>>>

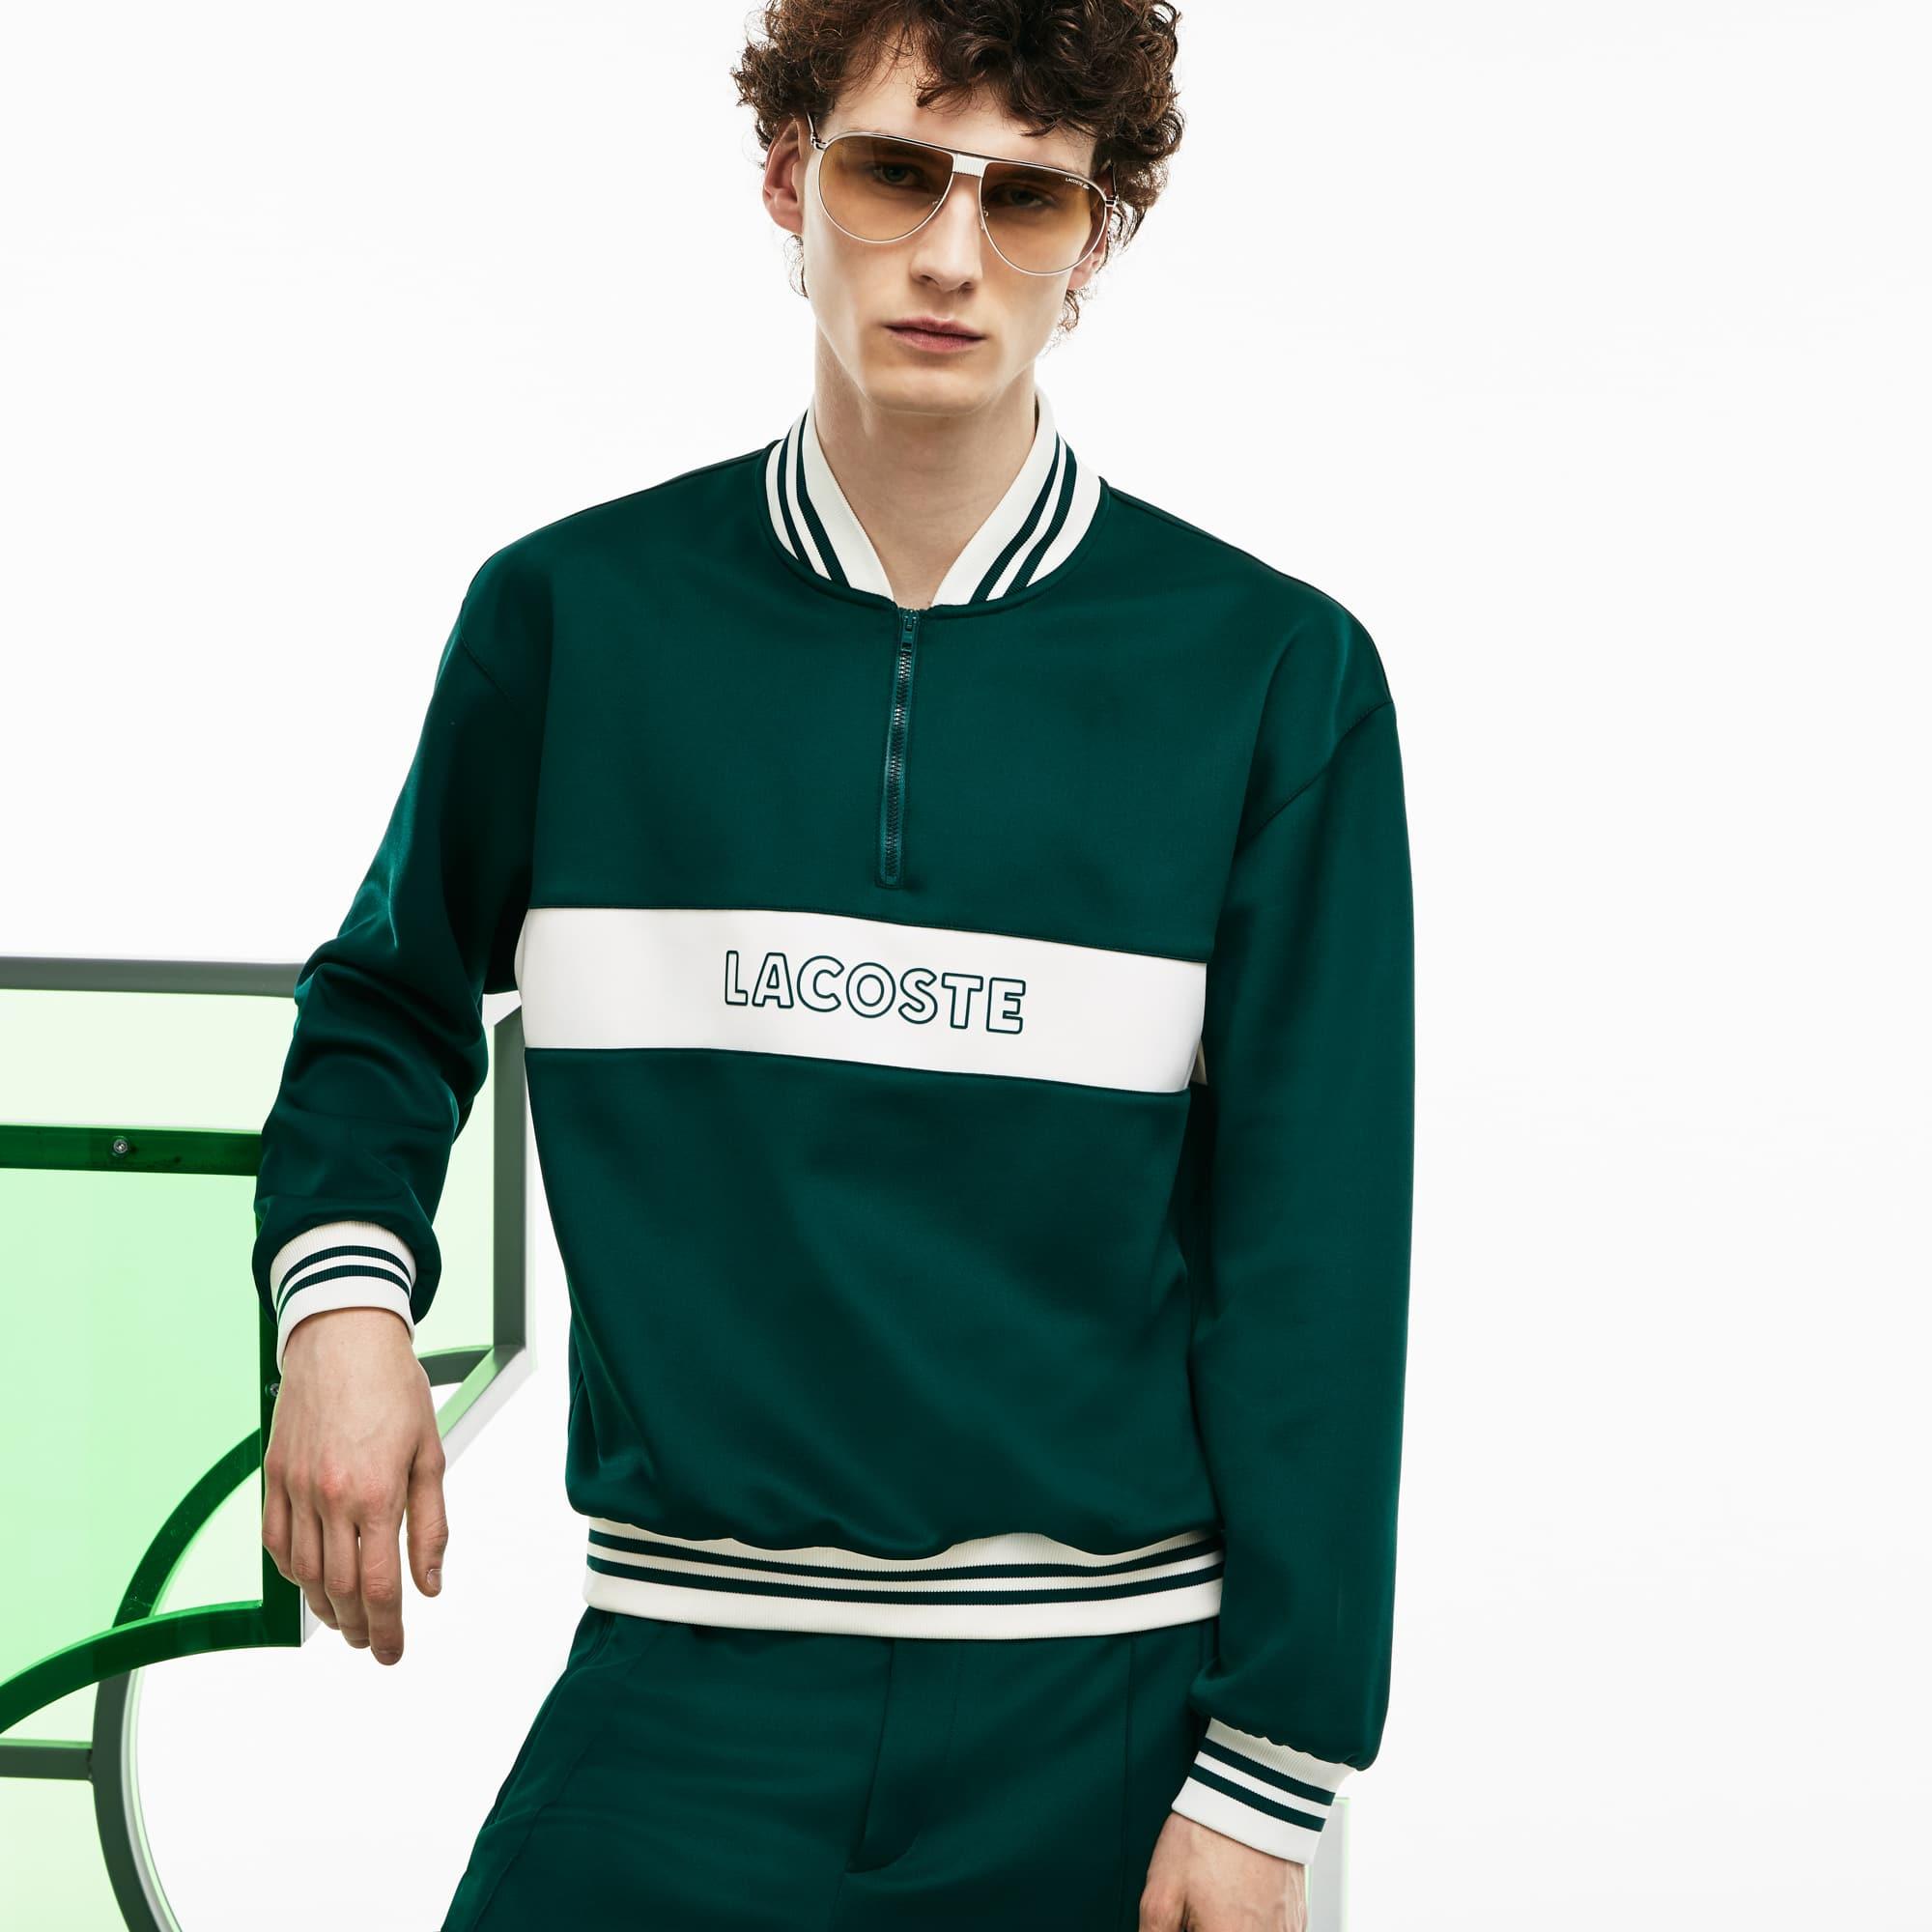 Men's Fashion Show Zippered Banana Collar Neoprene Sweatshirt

<<<
>>>

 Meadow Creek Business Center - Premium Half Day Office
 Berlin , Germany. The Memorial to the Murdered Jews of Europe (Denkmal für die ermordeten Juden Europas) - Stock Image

<<<
>>>

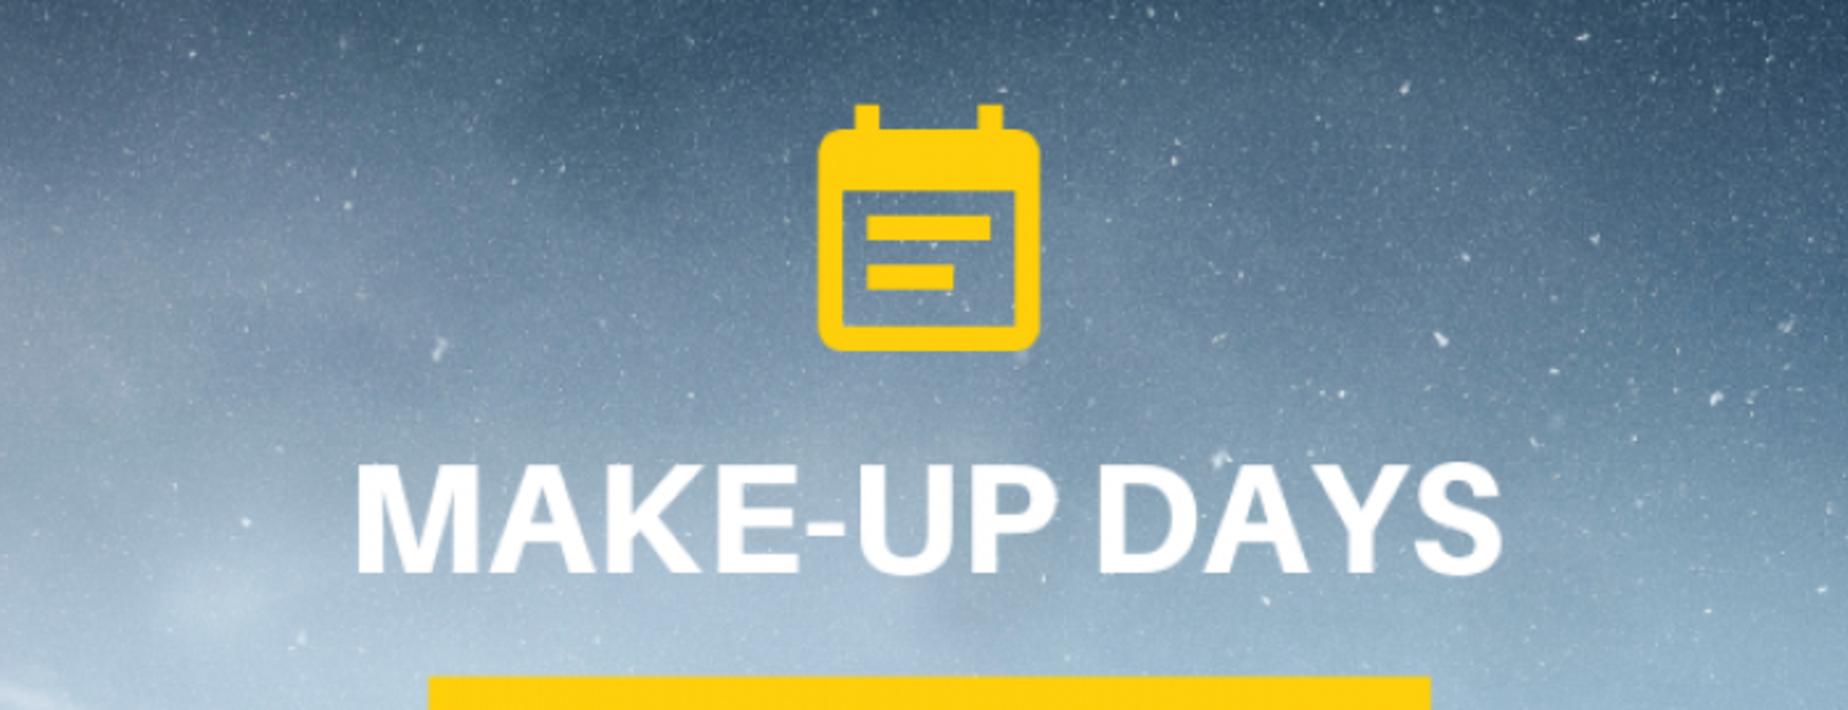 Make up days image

<<<

■ Task:
Only the lines above starting with the one with "Meadow Creek Business" and going through the one with "Berlin , Germany." are to be copied, word for word and with both ends kept.

■ Response:
 Meadow Creek Business Center - Premium Half Day Office
 Berlin , Germany. The Memorial to the Murdered Jews of Europe (Denkmal für die ermordeten Juden Europas) - Stock Image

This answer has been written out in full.